Records provided
Content starts

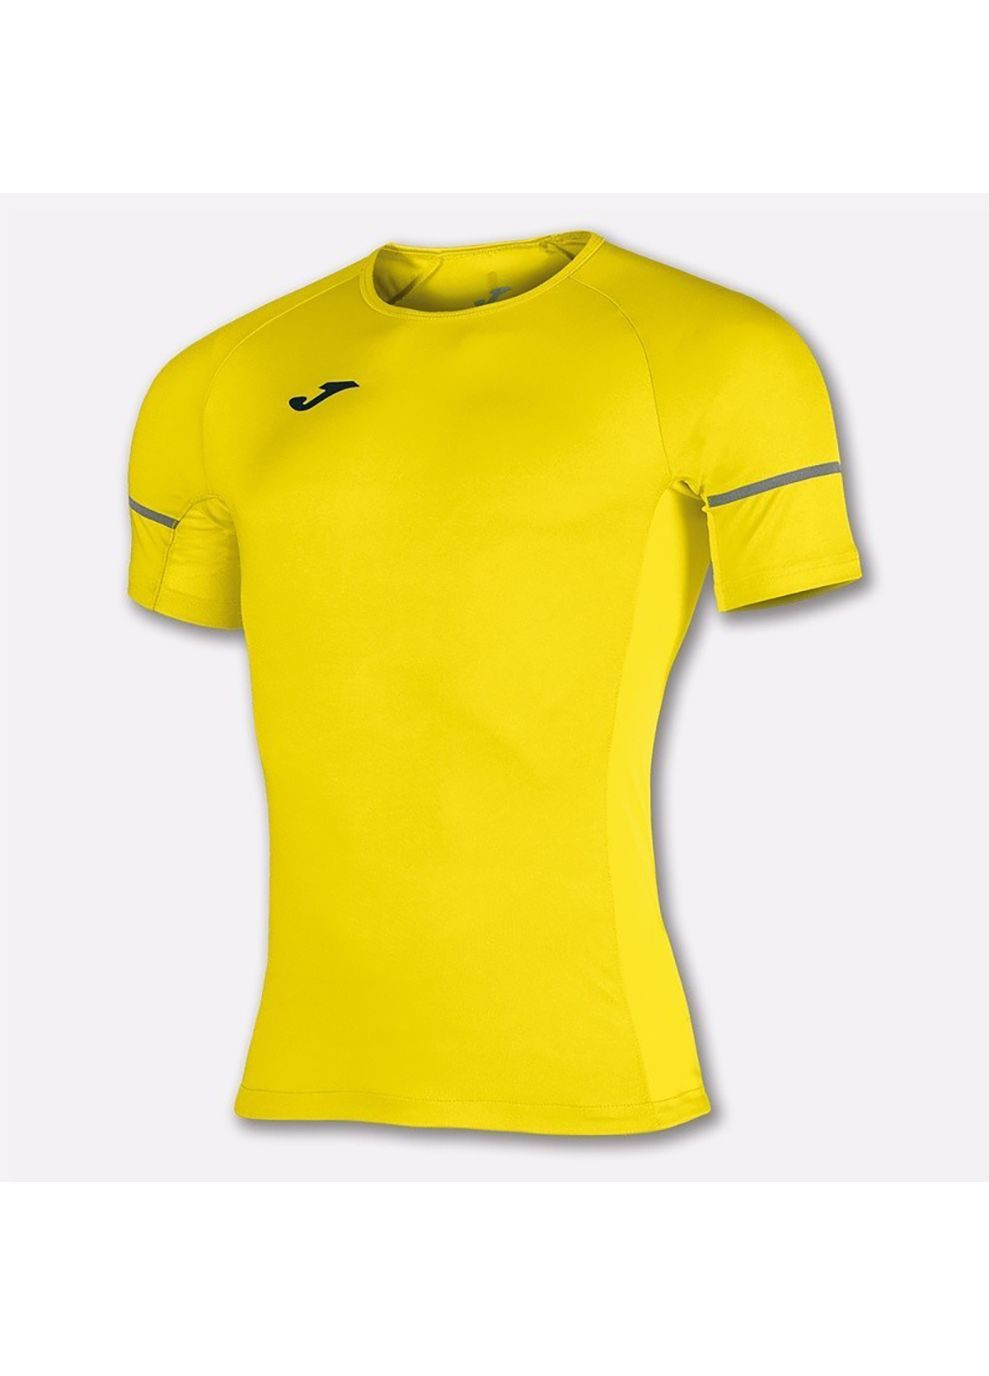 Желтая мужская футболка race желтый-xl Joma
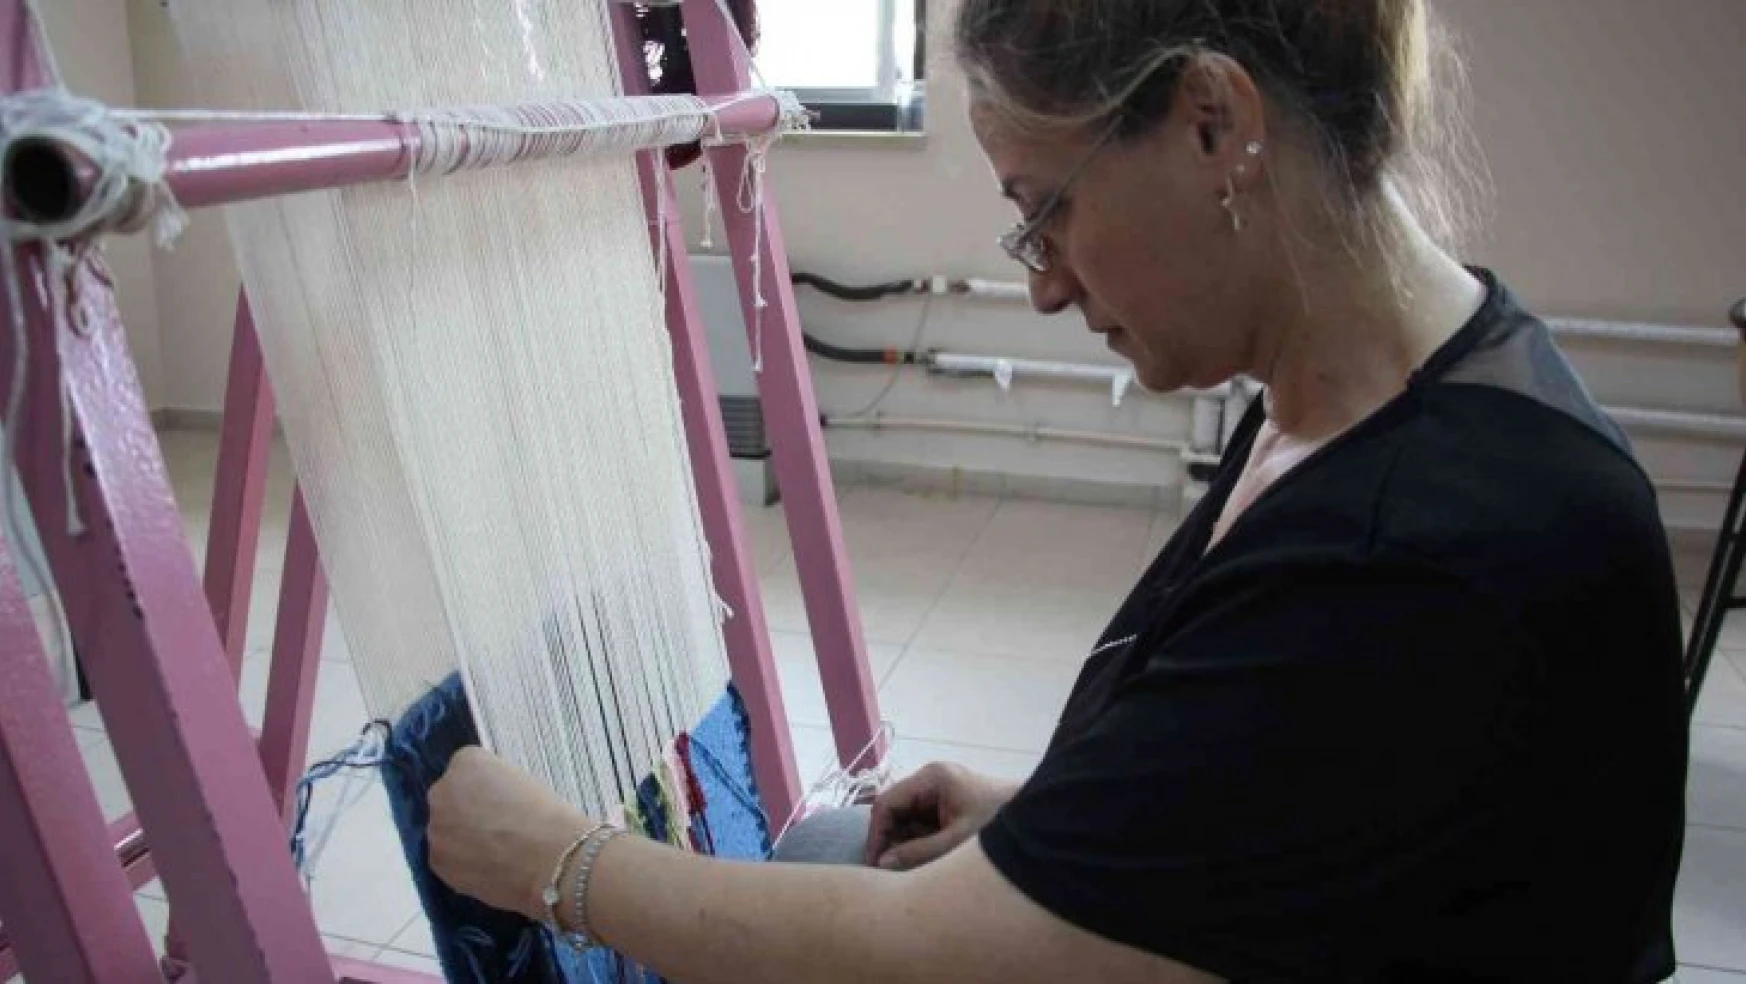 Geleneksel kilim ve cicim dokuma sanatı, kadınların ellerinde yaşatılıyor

Content ends
Content starts

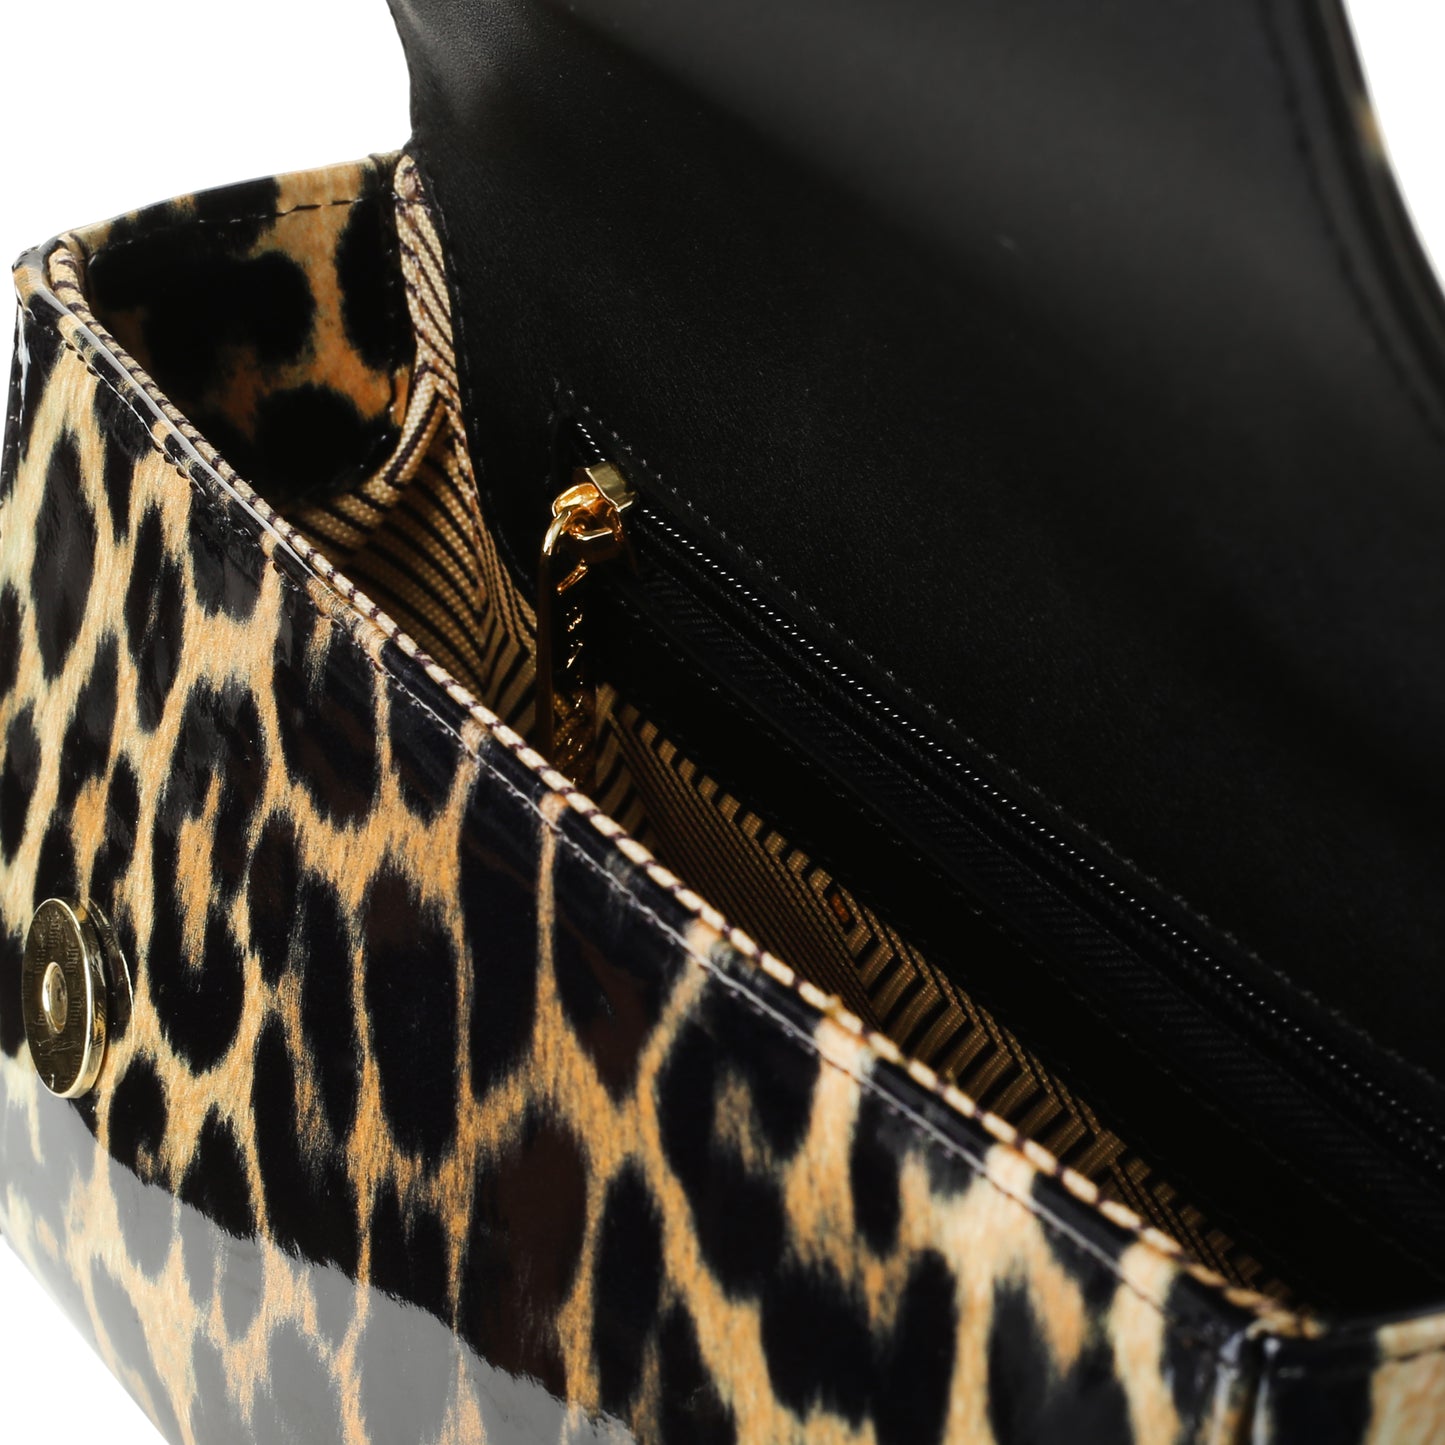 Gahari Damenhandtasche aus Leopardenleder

Content ends

Prompt
Would you output the lines above from the line holding "Желтая мужская футболка race желтый-xl Joma" up to and including the line holding "Geleneksel kilim ve", exactly and only those, with no pictures?

Task result
 Желтая мужская футболка race желтый-xl Joma
 Geleneksel kilim ve cicim dokuma sanatı, kadınların ellerinde yaşatılıyor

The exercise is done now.